_EXERCISE DIRECTIONS_: From top to bottom, return the listing exactly as it appears, omitting its images.

_DATASET CONTENT_:

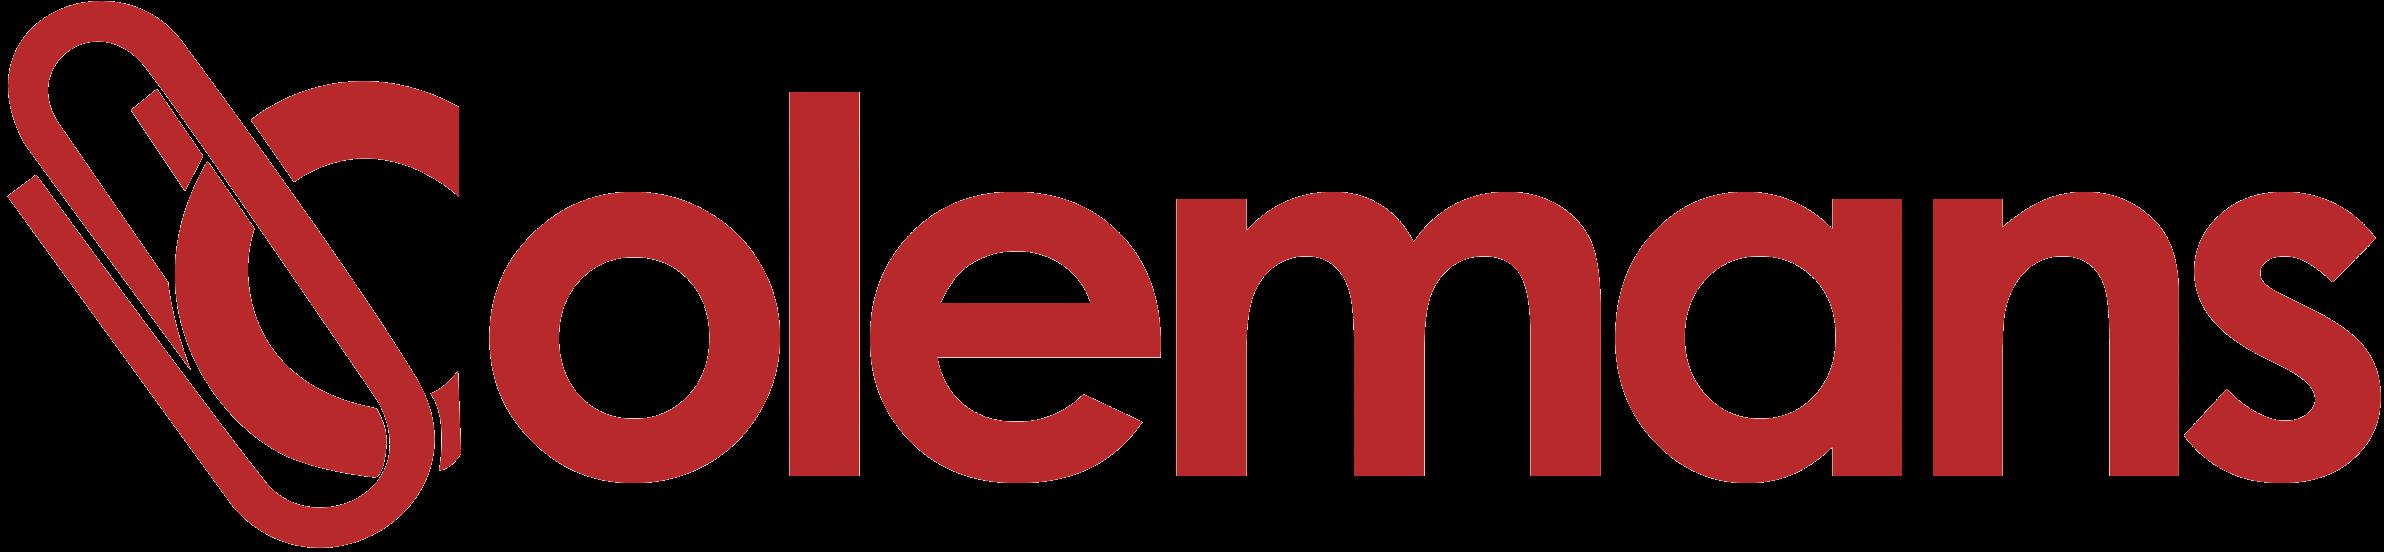 colemans logo
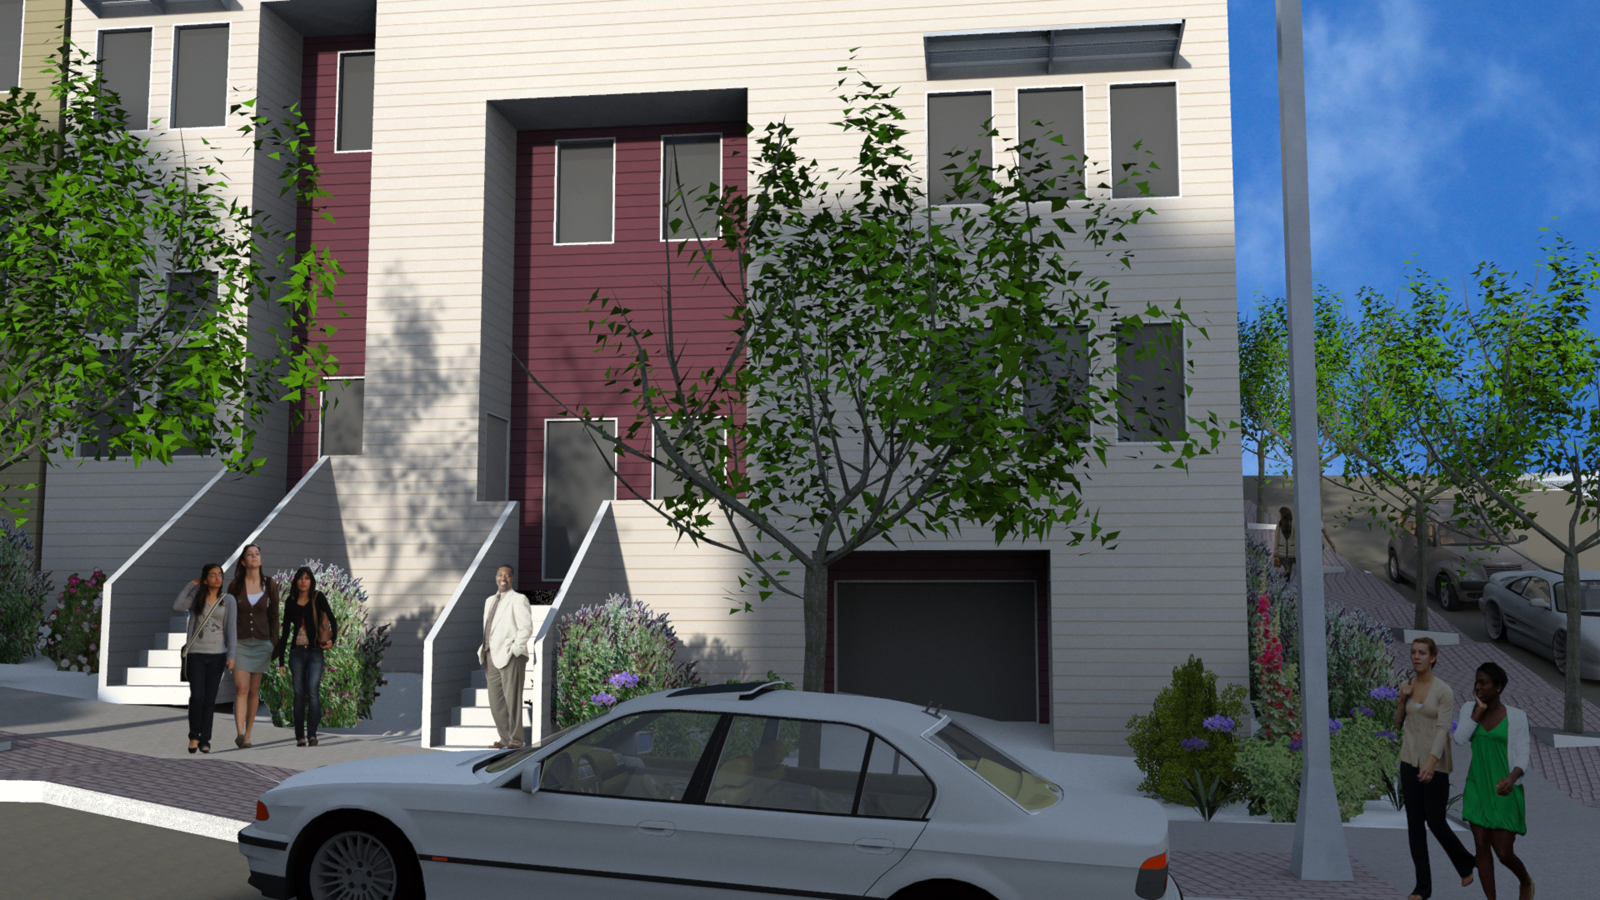 201403 8-10-15 Block 8 View From Ironwood at Catalina at building entries.jpg
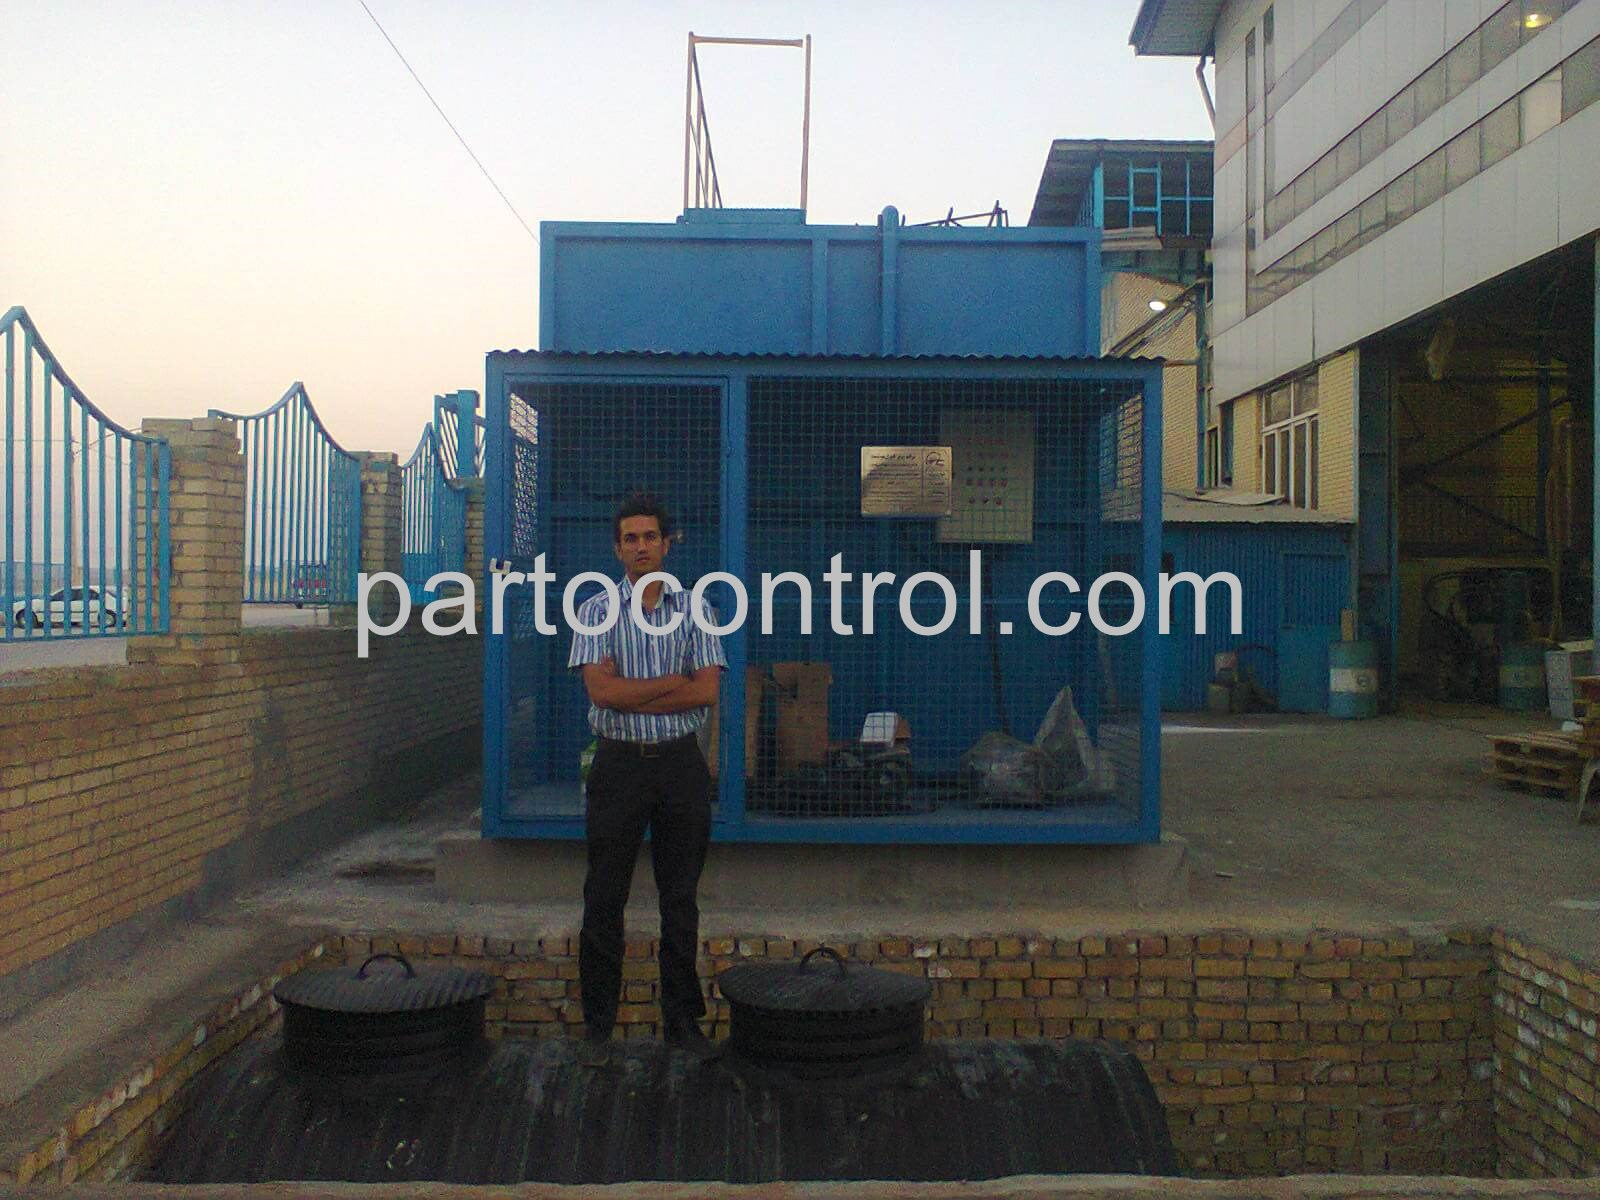 Carwash Sewage Treatment Packageتصفیه فاضلاب کارواش پلیمر گلپایگان4 - پروژه تصفیه فاضلاب کارواش
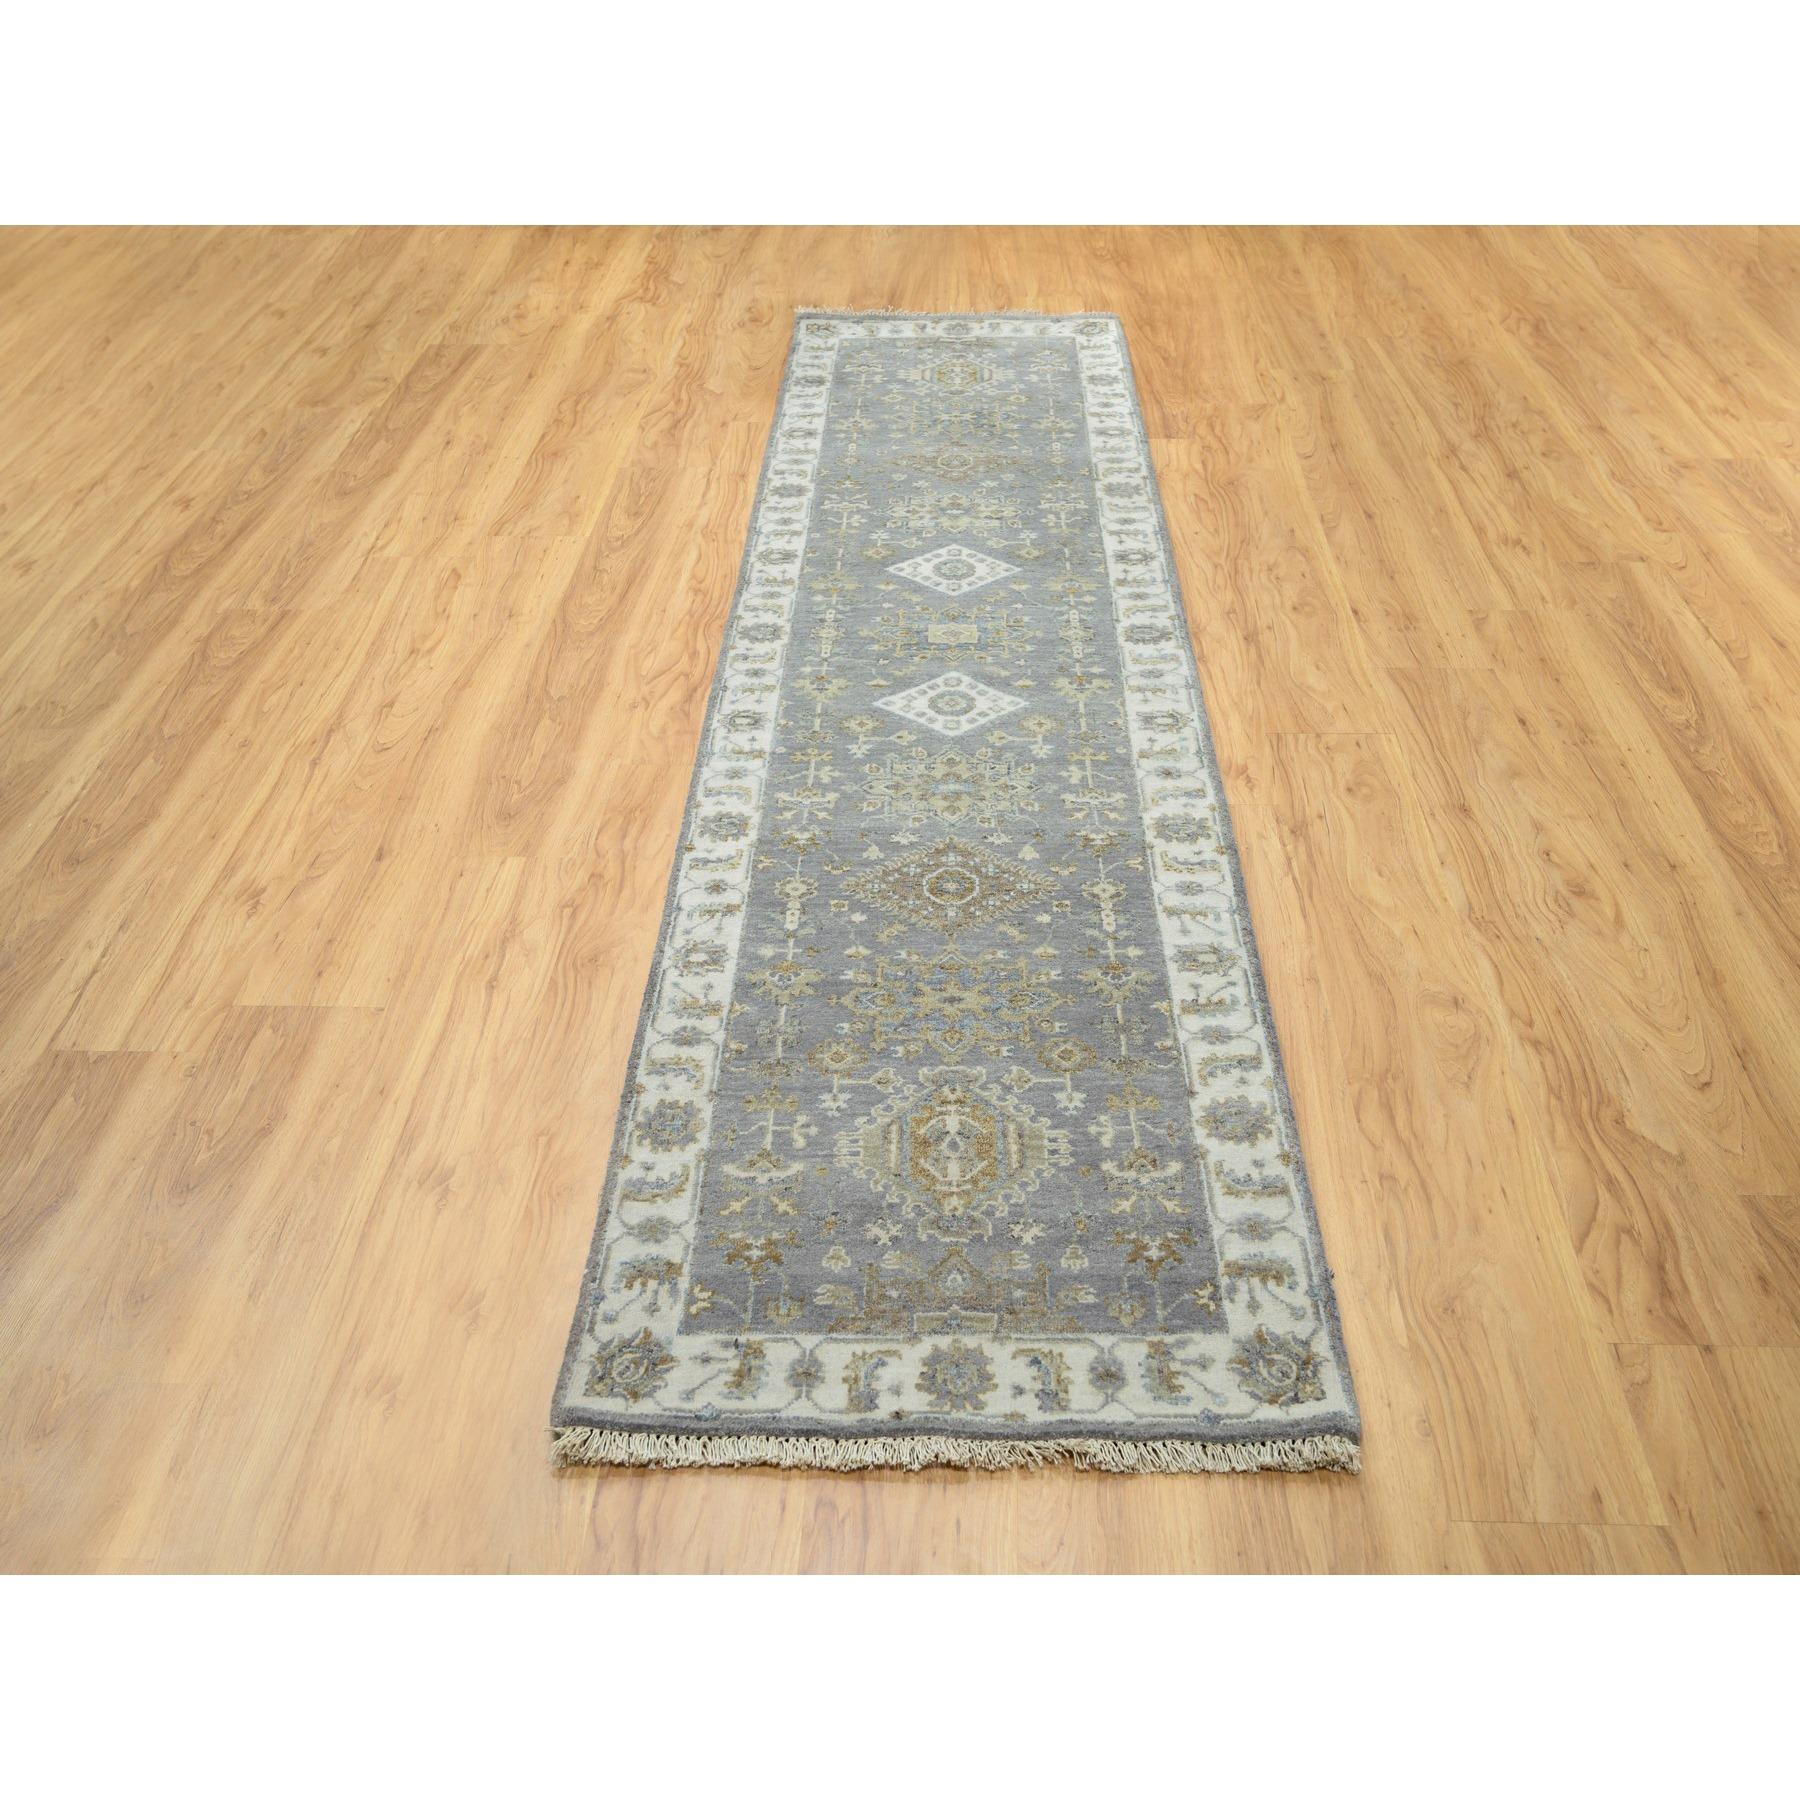 "2'7""x9'10"" Gray Karajeh Design Pure Wool Hand Knotted Oriental Runner Rug"

_RESULT OF THE EXERCISE_:
 colemans logo
 201403 8-10-15 Block 8 View From Ironwood at Catalina at building entries.jpg
 Carwash Sewage Treatment Packageتصفیه فاضلاب کارواش پلیمر گلپایگان4 - پروژه تصفیه فاضلاب کارواش
 "2'7""x9'10"" Gray Karajeh Design Pure Wool Hand Knotted Oriental Runner Rug"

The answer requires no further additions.